GLP-Quality Assurance Personal

JOB DESCRIPTION

Job Title: GLP-Quality Assurance Personal

Job Location: Syngene International Limited, Bengaluru

 About Syngene :  Syngene (www.syngeneintl.com) is an innovation-led contract research, development and manufacturing organization offering integrated scientific  services from early discovery to commercial supply.

 At Syngene, safety is at the heart of everything we do personally and professionally. Syngene has placed safety at par with business performance with shared responsibility and accountability, including following safety guidelines, procedures and SOPs, in letter and spirit.

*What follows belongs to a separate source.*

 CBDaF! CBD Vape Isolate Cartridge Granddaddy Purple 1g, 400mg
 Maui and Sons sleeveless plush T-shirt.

 Mandatory expectation for all roles as per Syngene safety guidelines

 Overall adherence to safe practices and procedures of oneself and the teams aligned

• Contributing to development of procedures, practices and systems that ensures safe operations and compliance to company's integrity & quality standards
• Driving a corporate culture that promotes environment, health, and safety (EHS) mindset and operational discipline at the workplace at all times.
• Ensuring safety of self, teams and lab/plant by adhering to safety protocols and following environment, health, and safety (EHS) requirements at all times in the workplace.
• Ensure all assigned mandatory trainings related to data integrity, health, and safety measures are completed on time by all members of the team including self
• Compliance to Syngene' s quality standards at all times
• Hold self and their teams accountable for the achievement of safety goals
• Govern and Review safety metrics from time to time

Core Purpose of the Role:

This is an exciting opportunity to play a role in the GLP Quality Assurance Unit at Syngene. The role offers valuable exposure to aligning laboratory practices with GLP guidelines, which is crucial for ensuring the integrity and reliability of non-clinical safety and clinical studies. Additionally, it provides a chance to work in a regulatory environment, ensuring that Syngene adheres to national and international standards set by organizations such as OECD, FDA, ICH, and ISO.

 Role Accountabilities

To Ensure compliance to Organization for Economic Co-Operation and Development (OECD) principles of Good Laboratory Practices (GLP), and ICH, WHO-GCLP. Handling of inspections and audits. Handling of QMS-Change controls, deviations, and CAPA Review of SOPs and study plans. Performing/scheduling study, facility, and process-based inspections for analytical and bioanalytical domains. Perform audit of study raw data & study report. Preparation and /or review of SOPs and other documents related to QAU. Review of general documents/SOPs, Study Plans, and Study Reports. Review of computerized system documents concerning OECD 17,21 CFR Part 11.

Syngene Values

 All employees will consistently demonstrate alignment with our core values. 

•  Excellence
•  Integrity
•  Professionalism

 Specific requirements for this role 

1. Experience
2. Demonstrated Capability
3. Education

 Experience: 06-09 Years

• Knowledge of GLP principles as per OECD, and familiarity with ICH, FDA, and EPA guidelines in a GLP  environment.
• Handling of QMS activities, including change controls, deviations, and CAPA.
• Proficient in reviewing SOPs and study plans for regulatory compliance.
• Good Understanding of data integrity policies and standards.
• Skilled in conducting inspections of studies, facilities, and processes in analytical and bioanalytical domains.
• Ability to audit raw and electronic study data and reports for accuracy and compliance.
• Experienced in preparing and reviewing QAU documentation and SOPs.
• Competent in reviewing equipment and computerized system qualifications per OECD Principles 17 and 21 CFR Part 11.
• Prepare the data for quality meetings.

Skills and Capabilities

• Expertise in handling multiple software applications and tools
• Capable of thinking scientifically to address complex problems and develop solutions
• Work as a team and have a collaborative mindset
• Good communication skills

 Education

Master's degree in Pharmacology, or any Chemistry, with a strong foundation and comprehensive expertise

Equal Opportunity Employer

It is the policy of Syngene to provide equal employment opportunity (EEO) to all persons regardless of age, color, national origin, citizenship status, physical or mental disability, race, religion, creed, gender, sex, sexual orientation, gender identity and/or expression, genetic information, marital status, status about public assistance, veteran status, or any other characteristic protected by applicable legislation or local law. In addition, Syngene will provide reasonable accommodations for qualified individuals with disabilities.